Het College nam in de kwaliteitscontroledossiers 268 maatregelen in 2020 ten opzichte van 274 maatregelen in 2021.

Algemeen is op te merken dat het College, vijf jaar na zijn bestaan, de pedagogische aanpak van haar eerste bestaansjaren voorbij is. De bedrijfsrevisoren hebben ruim de tijd gehad om kennis te maken met de aanpak van het College. Dit heeft zeker met ingang van het jaar 2020 geleid tot een strengere aanpak. Dit verklaart ook het hogere aantal terechtwijzingen (13 in 2020 en 39 in 2021), een stagnatie in de hersteltermijnen (194 in de beide jaren 2020 en 2021) en een forse toename in de bevelen door de strengere WG/FT-controles (51 in het jaar 2021 en geen in het jaar 2020) (toen eerder aanbevelingen voor deze tekortkomingen werden opgelegd). Deze trend is weerspiegeld in de afname van aanbevelingen van 210 in het jaar 2020 naar 122 in het jaar 2021.

8.3. Onderzoeksdossiers

De secretaris-generaal van het College opent een onderzoeksdossier wanneer hij ernstige aanwijzingen vaststelt van het bestaan van een praktijk die aanleiding kan geven tot het opleggen van een administratieve maatregel of een administratieve geldboete. Vervolgens stelt de secretaris-generaal onderzoeksdaden waarna hij verslag uitbrengt aan het comité van het College.

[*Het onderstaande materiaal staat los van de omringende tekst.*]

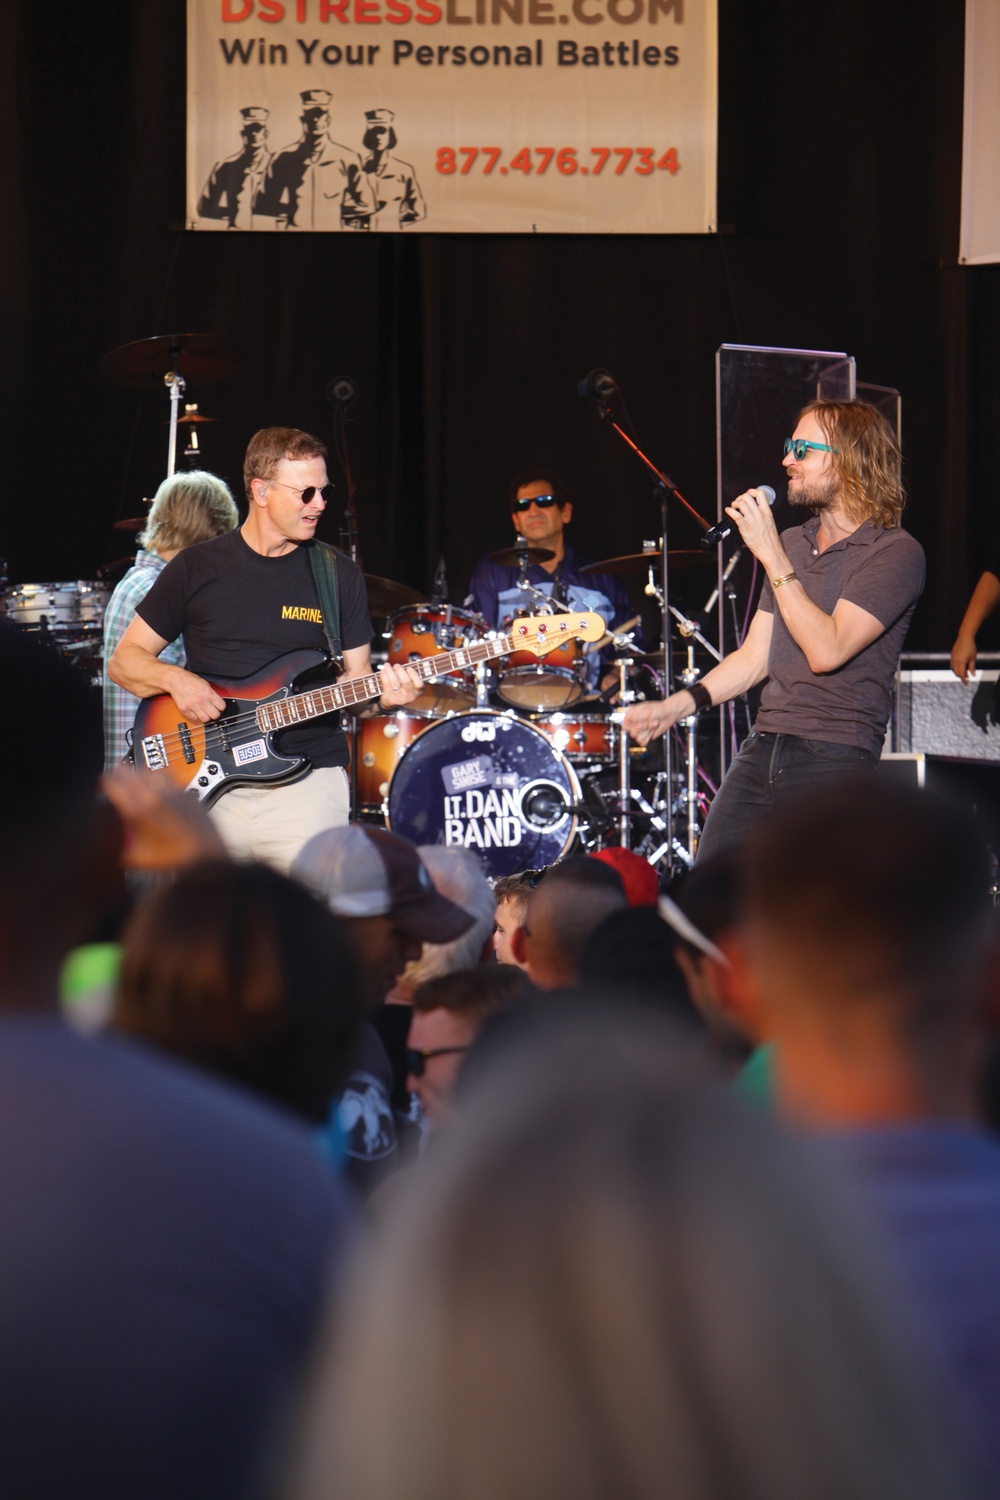 DVIDS News Gary Sinise, Lt Dan Band add flair to Fourth of July

In 2021 opende de secretaris-generaal 23 dossiers waarbij er ernstige aanwijzingen waren van het bestaan van een praktijk die aanleiding kan geven tot het opleggen van een administratieve maatregel of een administratieve geldboete. Het jaar 2021 eindigde met een dertigtal onderzoeksdossiers. Deze bijzonder grote pipeline van dossiers is te verklaren door een groot aantal dossiers met een grote verscheidenheid aan tekortkomingen.

Het comité van het College is bevoegd om in opportuniteit te beslissen over het gevolg dat het geeft aan de definitieve onderzoeksverslagen van de secretaris-generaal. Het kan besluiten om de zaak door te verwijzen naar de sanctiecommissie, zelf passende maatregelen op te leggen of de zaak af te sluiten zonder gevolg.